WHAT YOU WILL DO
Below are records with pictures in them. Transcribe everything from the line containing "Botanische Tulpe 'Showwinner' - 7 Stück" down to the line containing "857515 Dieter Falk", exactly, and leave the pictures behind.

** INPUT MATERIAL follows **

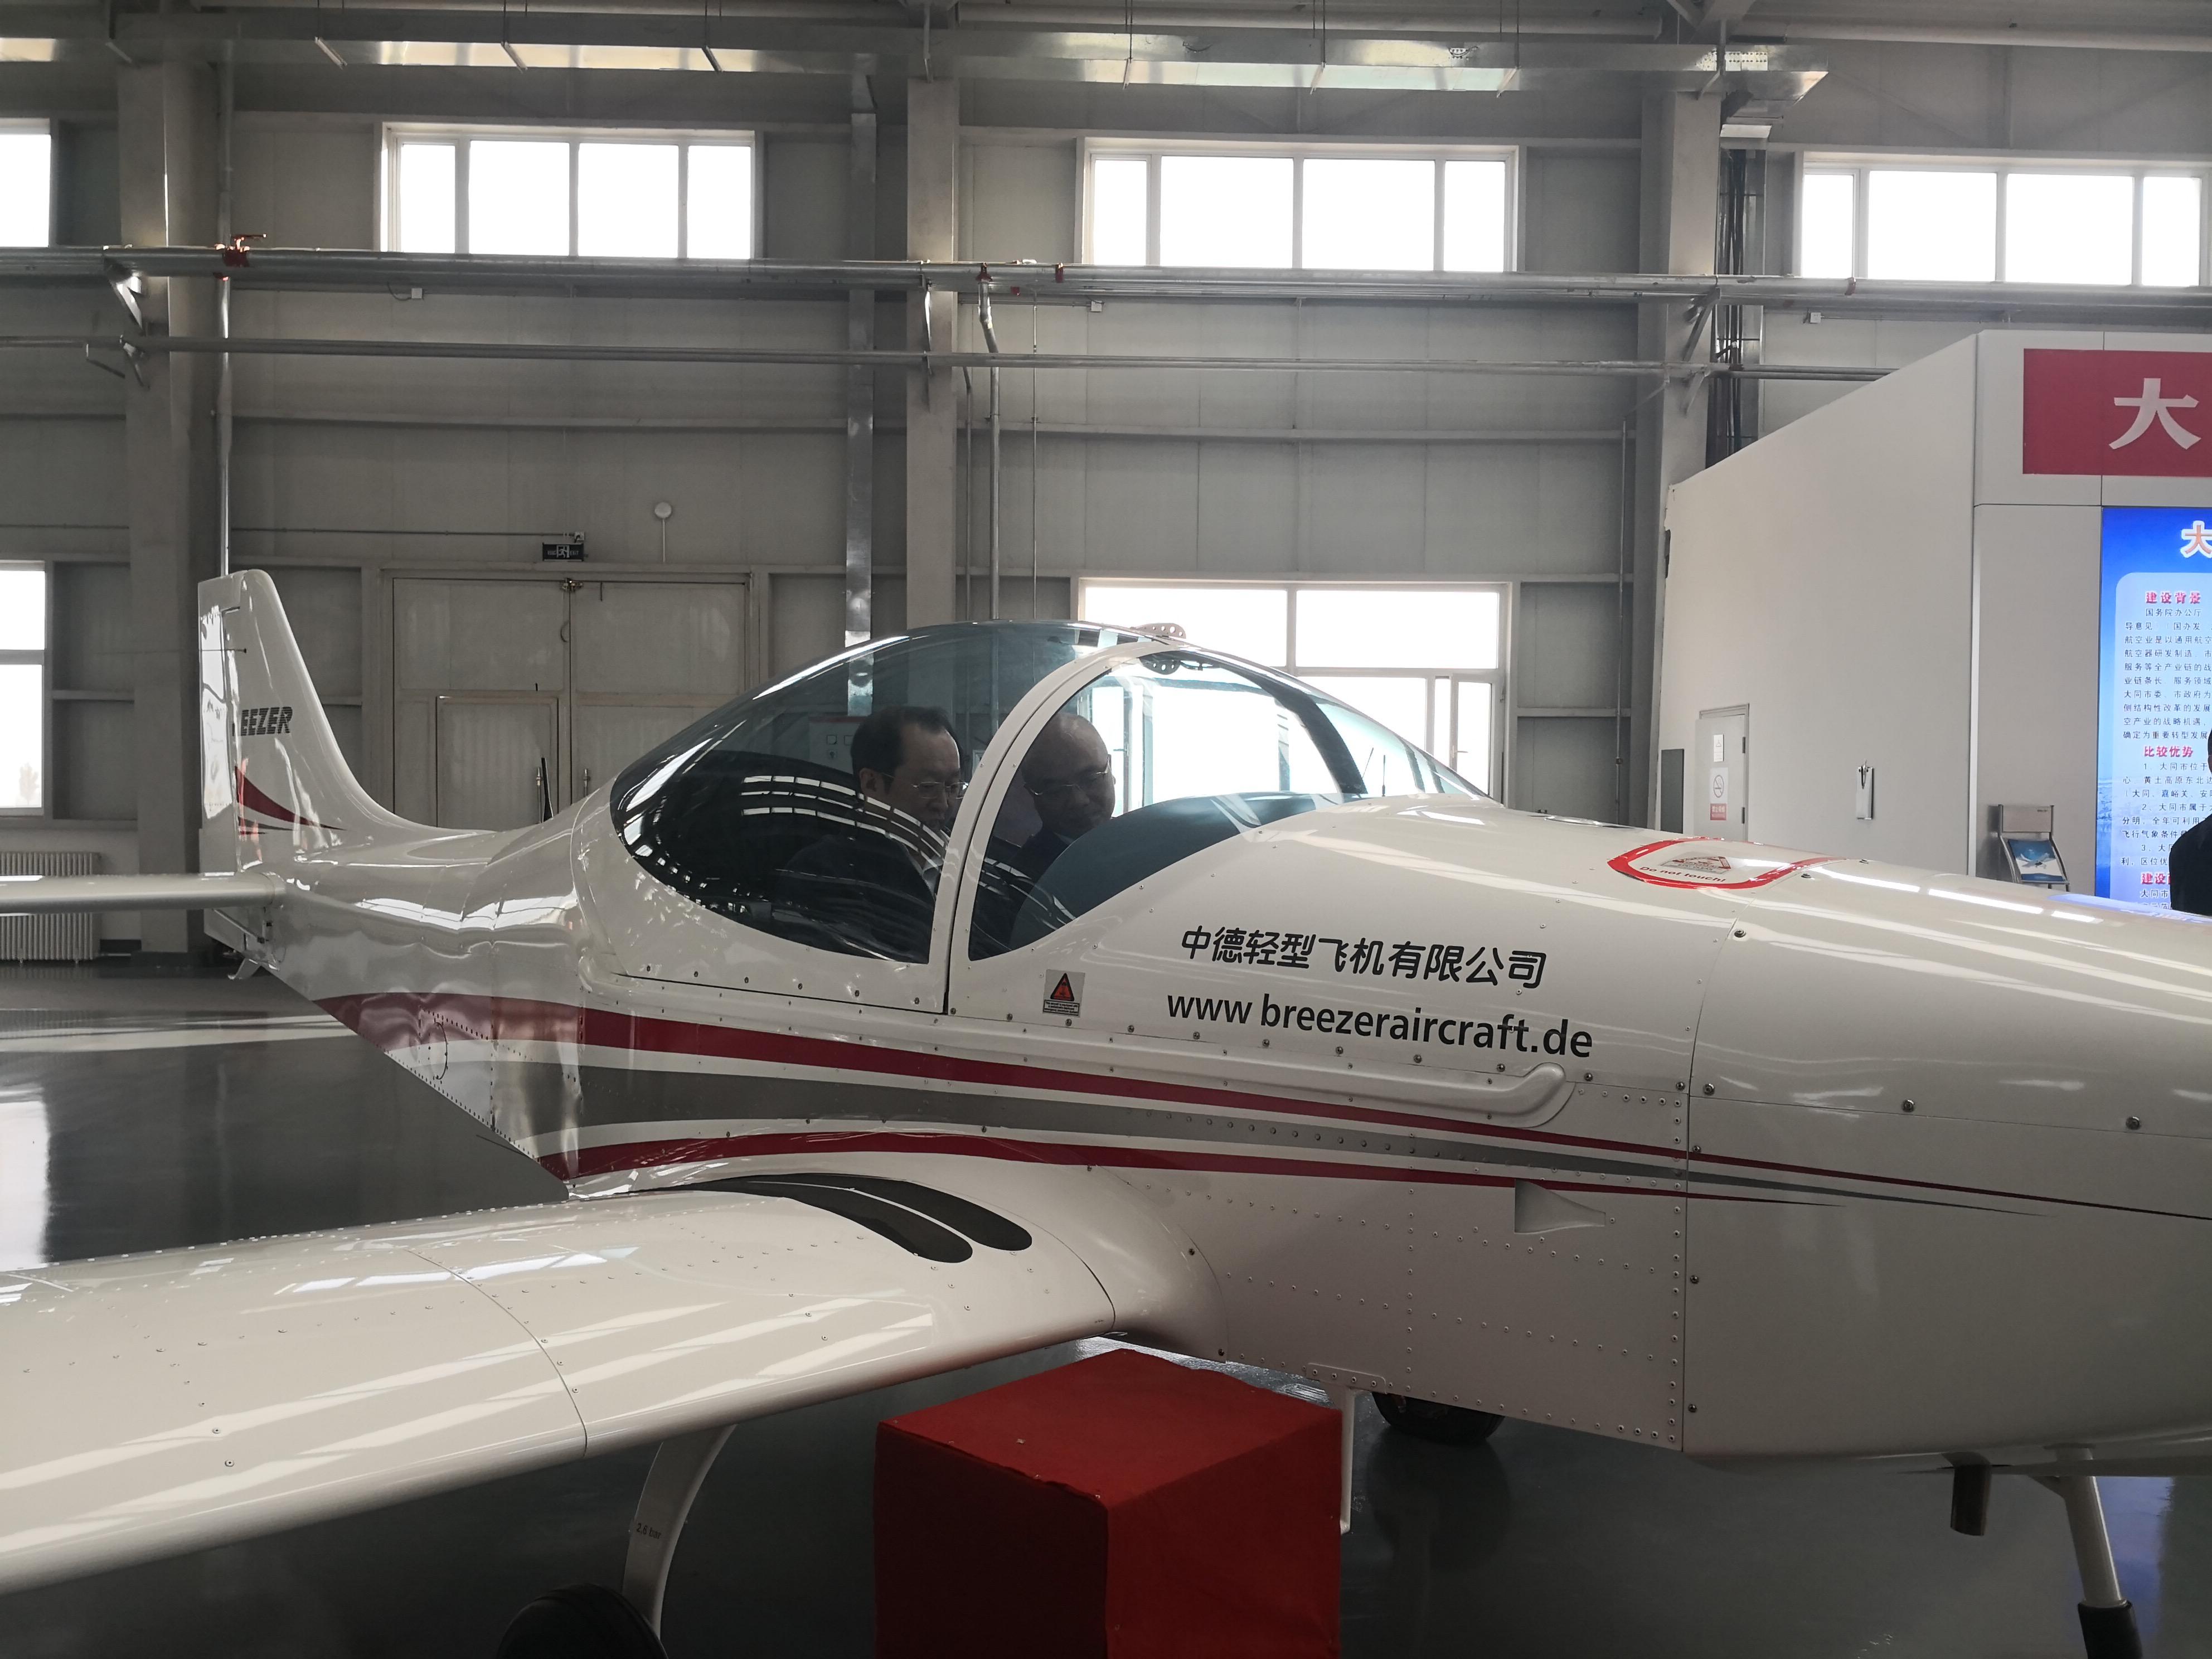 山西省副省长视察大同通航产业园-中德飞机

** End of INPUT MATERIAL **
** INPUT MATERIAL follows **

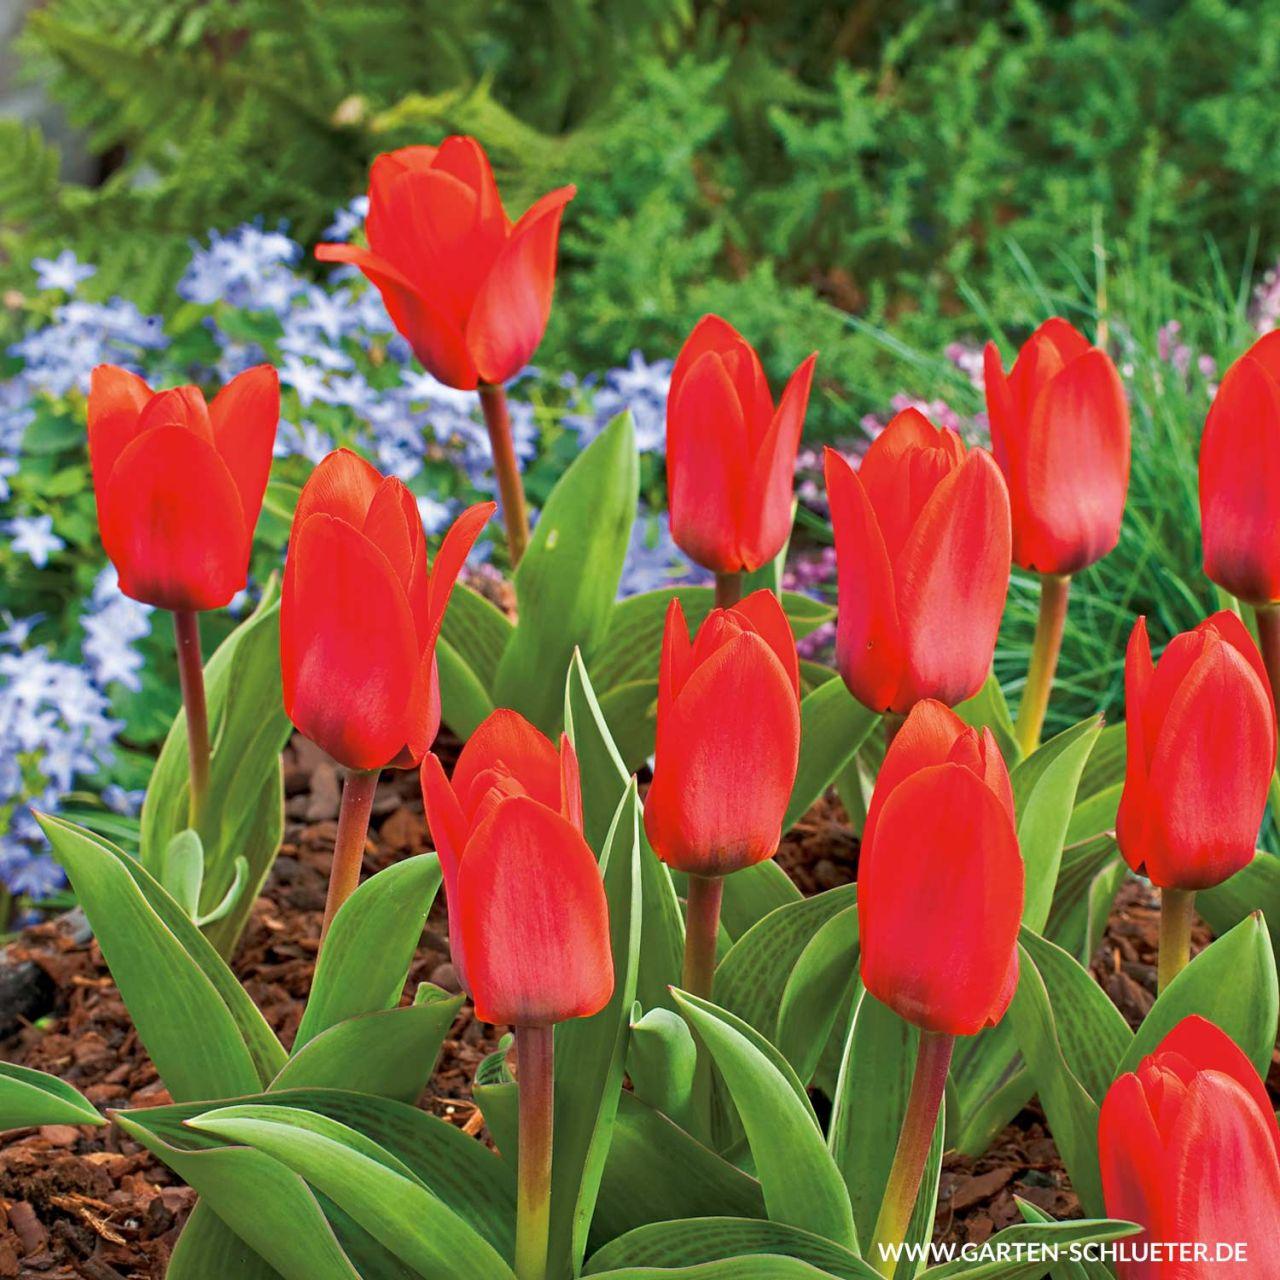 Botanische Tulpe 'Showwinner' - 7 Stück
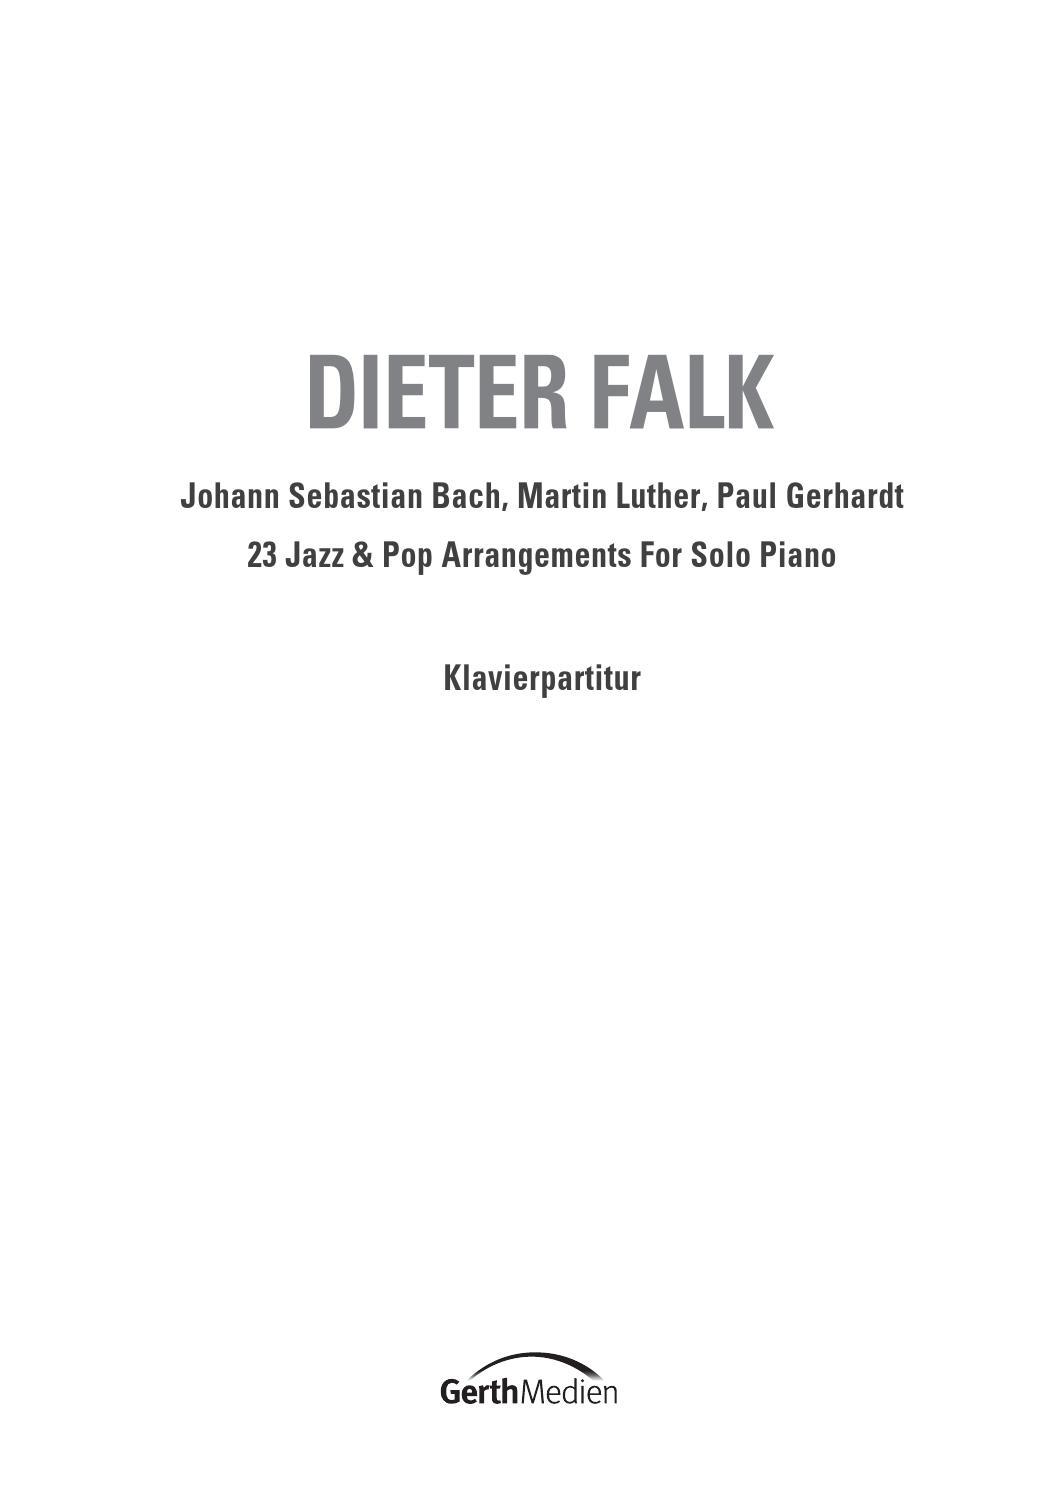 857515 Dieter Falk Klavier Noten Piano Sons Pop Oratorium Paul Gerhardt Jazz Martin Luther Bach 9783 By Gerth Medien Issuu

** End of INPUT MATERIAL **
** INPUT MATERIAL follows **

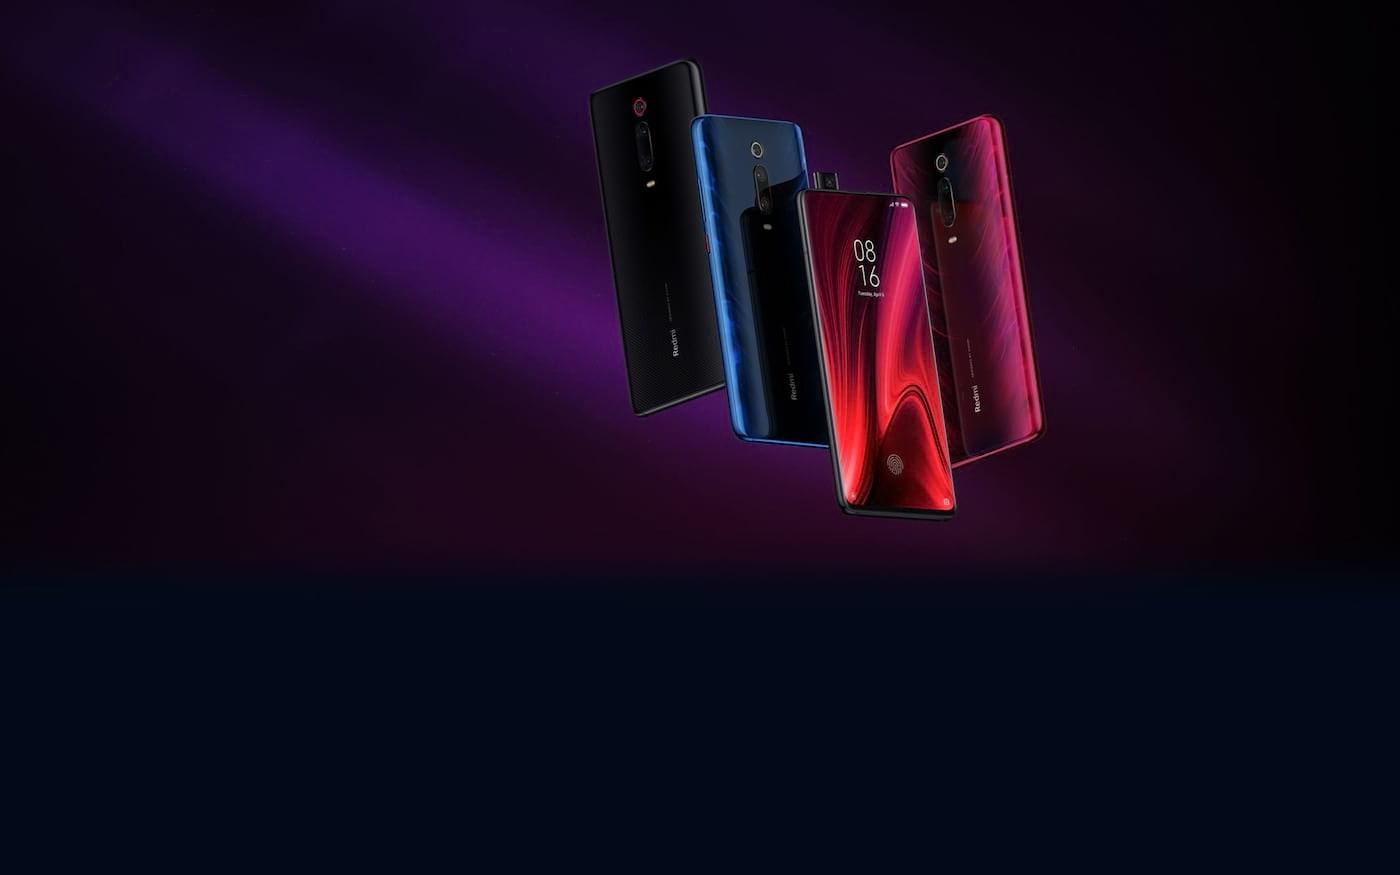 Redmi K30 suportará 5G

** End of INPUT MATERIAL **

FINISHED EXERCISE
 Botanische Tulpe 'Showwinner' - 7 Stück
 857515 Dieter Falk Klavier Noten Piano Sons Pop Oratorium Paul Gerhardt Jazz Martin Luther Bach 9783 By Gerth Medien Issuu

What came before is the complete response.